WHAT THE TASK ASKS: Working from the line that contains "Blatz beer amazing history" down to the last line below, repeat each line exactly.

INFORMATION SUPPLIED:
....
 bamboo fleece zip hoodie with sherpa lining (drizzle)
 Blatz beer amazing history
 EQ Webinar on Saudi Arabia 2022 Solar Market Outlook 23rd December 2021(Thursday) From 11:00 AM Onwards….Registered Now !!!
....
TASK OUTPUT:
 Blatz beer amazing history
 EQ Webinar on Saudi Arabia 2022 Solar Market Outlook 23rd December 2021(Thursday) From 11:00 AM Onwards….Registered Now !!!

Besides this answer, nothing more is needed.